Сочеловек, мирно клевавший носом, вздрогнул. Он устало смерил молодого человека недовольным взглядом и сказал с угрозой:
— Если ты в такое время видишь, что человек спит, и будишь его, значит, ты последняя сволочь и тебе надо накостылять по шее.
— Что, попало, голубчик! — торжествовала Ирма.
— Я только хотел спросить, — оправдывался Гейнц, — доходит ли поезд до Потсдамерплац?..
— А куда же он, по-твоему, доходит?
— Да ведь в городе стреляют!
— Вот как! Если в городе стреляют, ты это заметишь, и если поезд не дойдет до места, тоже заметишь, — сказал пассажир и привалился головой в угол.
— Уличный философ, — заметил Гейнц, не понижая голоса. — Стоик из Веддинга — смотри адресную книгу под рубрикой «Мистики». — Он зевнул. — Заметила, Ирма? Поезд зевает — от пустоты.
— Скажи еще — оттого, что в городе стреляют! Ты сегодня в ударе, Гейнц! Видно, не наелся за обедом, а?
Гейнц хлопнул себя по животу, — вернее, по тому месту, где полагается быть животу:
— Какое там! Я уже годами не наедаюсь! Перманентный голод!
— А нам говорили, что лишь наступит мир, можно будет есть вволю. Сотовый мед и прочие чудеса! Нечего сказать, хорошенькую нам устроили молодость.
— Какой же это мир? Слышишь…
— …в городе стреляют, — подхватила Ирма. — Ты бы хоть объяснил, почему стреляют?
— Понятия не имею! Но если революция настоящая, может быть, господа военные ее не поддерживают?
— А что такое настоящая революция?
— Понятия не имею! Французскую ты в школе проходила: гильотина, короли, император, министрам голову долой…
— Но ведь Вильгельм удрал!
— Тогда, значит, смотри на восток!
— Александерплац?
— Сказала тоже! Россия! Ленин…
— А кто же у нас-то Ленин?
— Понятия не имею, пожалуй, что Либкнехт…
— Ты за него?
— Сказала тоже! Что я о нем знаю? Только — что его засадили в тюрьму, ведь он агитировал против войны…
— И что же, теперь его выпустили?
— Понятия не имею! Но в этом, как я понимаю, и заключается смысл всякой революции: тех, что на свободе, сажают в тюрьму, а ворчуны выходят на свободу…
— Потсдамский вокзал! Видишь, поезд все-таки довез нас. Обидно будет, Гейнц, если ты зря потратился на билеты, а в городе ничего такого и нет!
— Не болтай попусту, о, дочь Кваасихи! Сначала дела, а потом сомнения! Потопали!
Они зашагали бок о бок через пустой загаженный вокзал предместья, озябшие, но жадные до всего нового, открытые всем зовам жизни. Оба неряшливо одетые и не слишком тщательно умытые — то ли по причине плохого мыла военного времени, то ли по юношеской беспечности.

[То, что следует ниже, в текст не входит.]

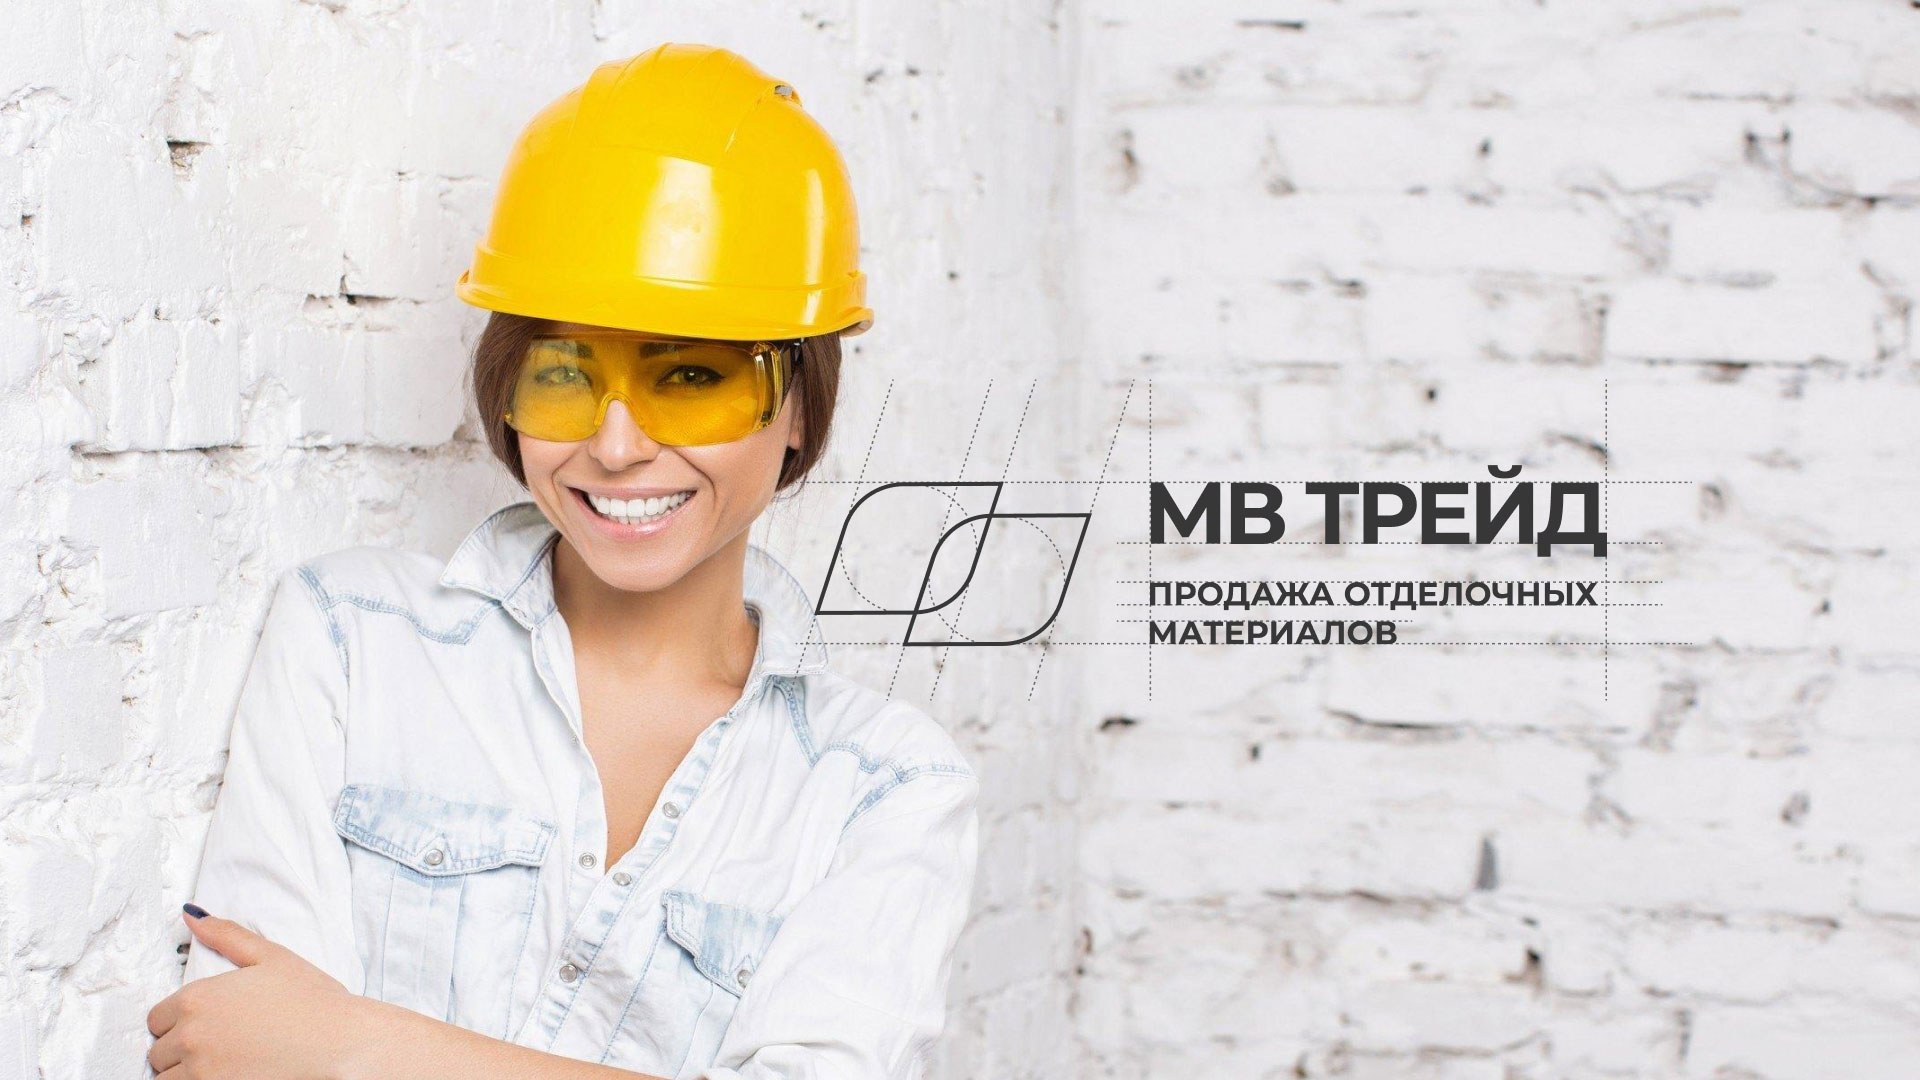 Разработка логотипа и сайта компании «МВ Трейд» в 
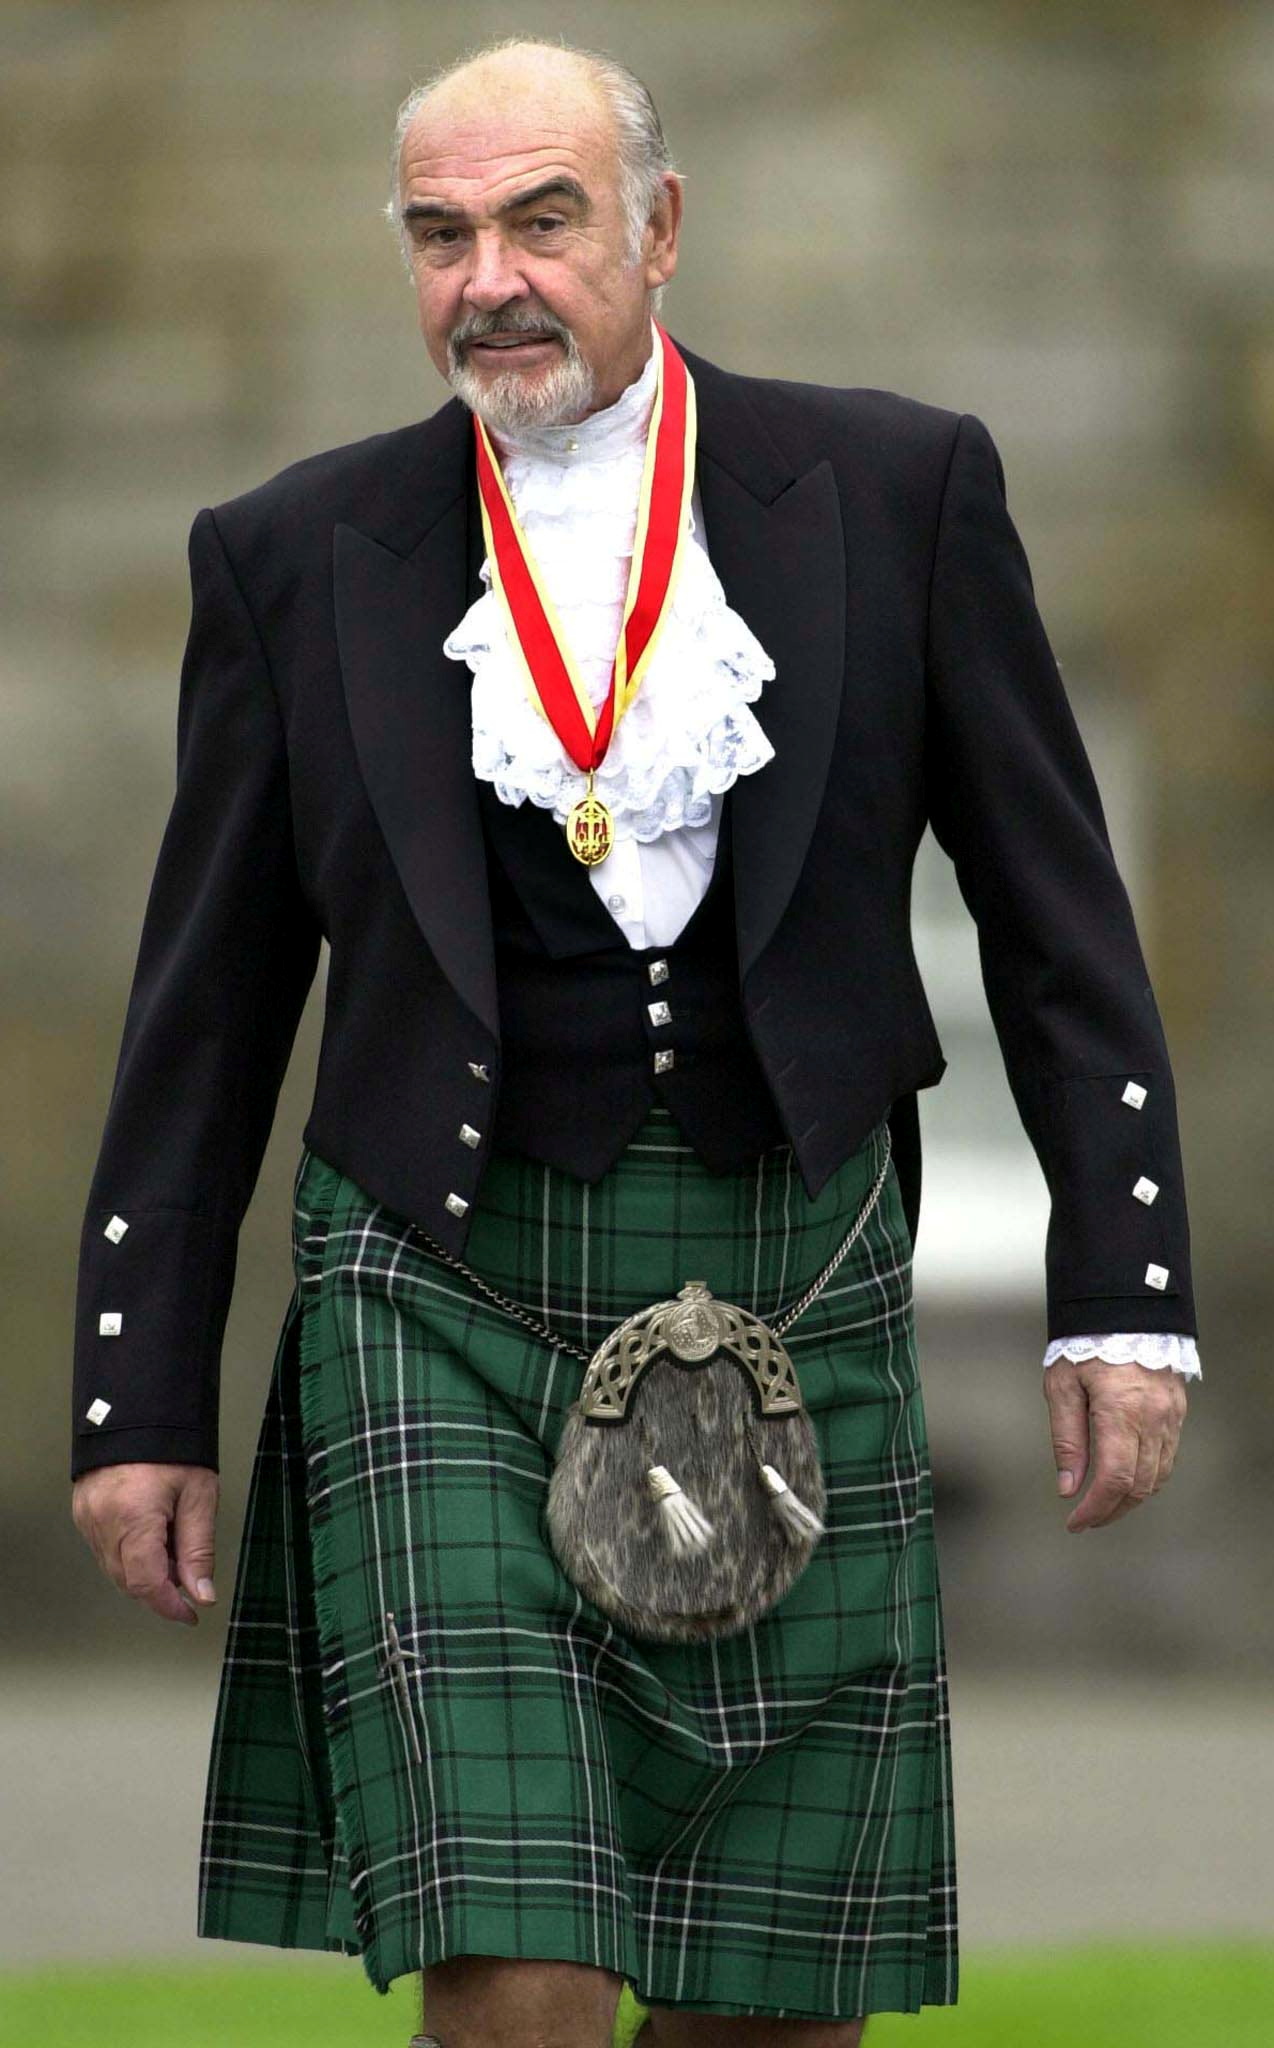 ナイトの称号授与式にスコットランドの伝統衣装キルトを着用したショーン・コネリーさん

У обоих изжелта-бледный, болезненный цвет лица, у обоих преждевременные морщинки, у обоих выделяется нос и темные круги под глазами. Но у обоих — одинаково холодный, ясный, со льдинкой взгляд, до ужаса лишенный всяких иллюзий. Оба во всех отношениях голодные, по оба с безграничным аппетитом ко всему — ко всему решительно: будь то красивое или безобразное, картошка или кости, возвышенное или низменное!
Они шли по направлению к Потсдамерплац, бок о бок и невольно в ногу, но им и в голову не приходило коснуться друг друга, взяться за руки или под руки — ни искорки нежности.
Холодные — и все же полные света!
Типичное порождение неистребимой жизни!
— Вот! — сказал Гейнц и сразу остановился.